**Task instructions:** Retype the entries below without any change.

═════ Exercise materials ═════

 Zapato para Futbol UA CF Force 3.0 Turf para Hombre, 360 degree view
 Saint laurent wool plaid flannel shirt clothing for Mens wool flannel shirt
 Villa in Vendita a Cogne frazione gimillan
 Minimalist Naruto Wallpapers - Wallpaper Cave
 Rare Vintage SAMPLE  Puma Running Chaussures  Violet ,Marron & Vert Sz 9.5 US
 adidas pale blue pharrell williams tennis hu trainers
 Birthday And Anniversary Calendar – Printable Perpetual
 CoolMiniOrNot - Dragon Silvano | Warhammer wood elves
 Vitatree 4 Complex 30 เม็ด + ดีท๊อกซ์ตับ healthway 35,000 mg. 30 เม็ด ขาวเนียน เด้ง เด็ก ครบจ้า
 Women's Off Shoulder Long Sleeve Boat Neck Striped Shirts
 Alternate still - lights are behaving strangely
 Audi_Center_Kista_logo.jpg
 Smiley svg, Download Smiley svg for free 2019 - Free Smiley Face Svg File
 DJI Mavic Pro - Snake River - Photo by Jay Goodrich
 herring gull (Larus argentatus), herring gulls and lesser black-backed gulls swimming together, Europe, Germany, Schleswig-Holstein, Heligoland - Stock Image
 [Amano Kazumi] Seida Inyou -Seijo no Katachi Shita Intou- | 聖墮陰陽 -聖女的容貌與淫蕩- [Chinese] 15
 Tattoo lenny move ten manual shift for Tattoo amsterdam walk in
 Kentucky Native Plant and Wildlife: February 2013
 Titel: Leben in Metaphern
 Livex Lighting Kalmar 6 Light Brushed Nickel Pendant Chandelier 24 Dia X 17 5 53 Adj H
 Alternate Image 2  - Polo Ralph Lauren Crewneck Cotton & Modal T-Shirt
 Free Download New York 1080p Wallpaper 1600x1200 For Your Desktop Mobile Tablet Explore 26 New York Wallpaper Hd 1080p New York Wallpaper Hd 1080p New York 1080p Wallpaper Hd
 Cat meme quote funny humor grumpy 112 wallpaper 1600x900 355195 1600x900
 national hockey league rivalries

═════

**Written solution:**
 Zapato para Futbol UA CF Force 3.0 Turf para Hombre, 360 degree view
 Saint laurent wool plaid flannel shirt clothing for Mens wool flannel shirt
 Villa in Vendita a Cogne frazione gimillan
 Minimalist Naruto Wallpapers - Wallpaper Cave
 Rare Vintage SAMPLE  Puma Running Chaussures  Violet ,Marron & Vert Sz 9.5 US
 adidas pale blue pharrell williams tennis hu trainers
 Birthday And Anniversary Calendar – Printable Perpetual
 CoolMiniOrNot - Dragon Silvano | Warhammer wood elves
 Vitatree 4 Complex 30 เม็ด + ดีท๊อกซ์ตับ healthway 35,000 mg. 30 เม็ด ขาวเนียน เด้ง เด็ก ครบจ้า
 Women's Off Shoulder Long Sleeve Boat Neck Striped Shirts
 Alternate still - lights are behaving strangely
 Audi_Center_Kista_logo.jpg
 Smiley svg, Download Smiley svg for free 2019 - Free Smiley Face Svg File
 DJI Mavic Pro - Snake River - Photo by Jay Goodrich
 herring gull (Larus argentatus), herring gulls and lesser black-backed gulls swimming together, Europe, Germany, Schleswig-Holstein, Heligoland - Stock Image
 [Amano Kazumi] Seida Inyou -Seijo no Katachi Shita Intou- | 聖墮陰陽 -聖女的容貌與淫蕩- [Chinese] 15
 Tattoo lenny move ten manual shift for Tattoo amsterdam walk in
 Kentucky Native Plant and Wildlife: February 2013
 Titel: Leben in Metaphern
 Livex Lighting Kalmar 6 Light Brushed Nickel Pendant Chandelier 24 Dia X 17 5 53 Adj H
 Alternate Image 2  - Polo Ralph Lauren Crewneck Cotton & Modal T-Shirt
 Free Download New York 1080p Wallpaper 1600x1200 For Your Desktop Mobile Tablet Explore 26 New York Wallpaper Hd 1080p New York Wallpaper Hd 1080p New York 1080p Wallpaper Hd
 Cat meme quote funny humor grumpy 112 wallpaper 1600x900 355195 1600x900
 national hockey league rivalries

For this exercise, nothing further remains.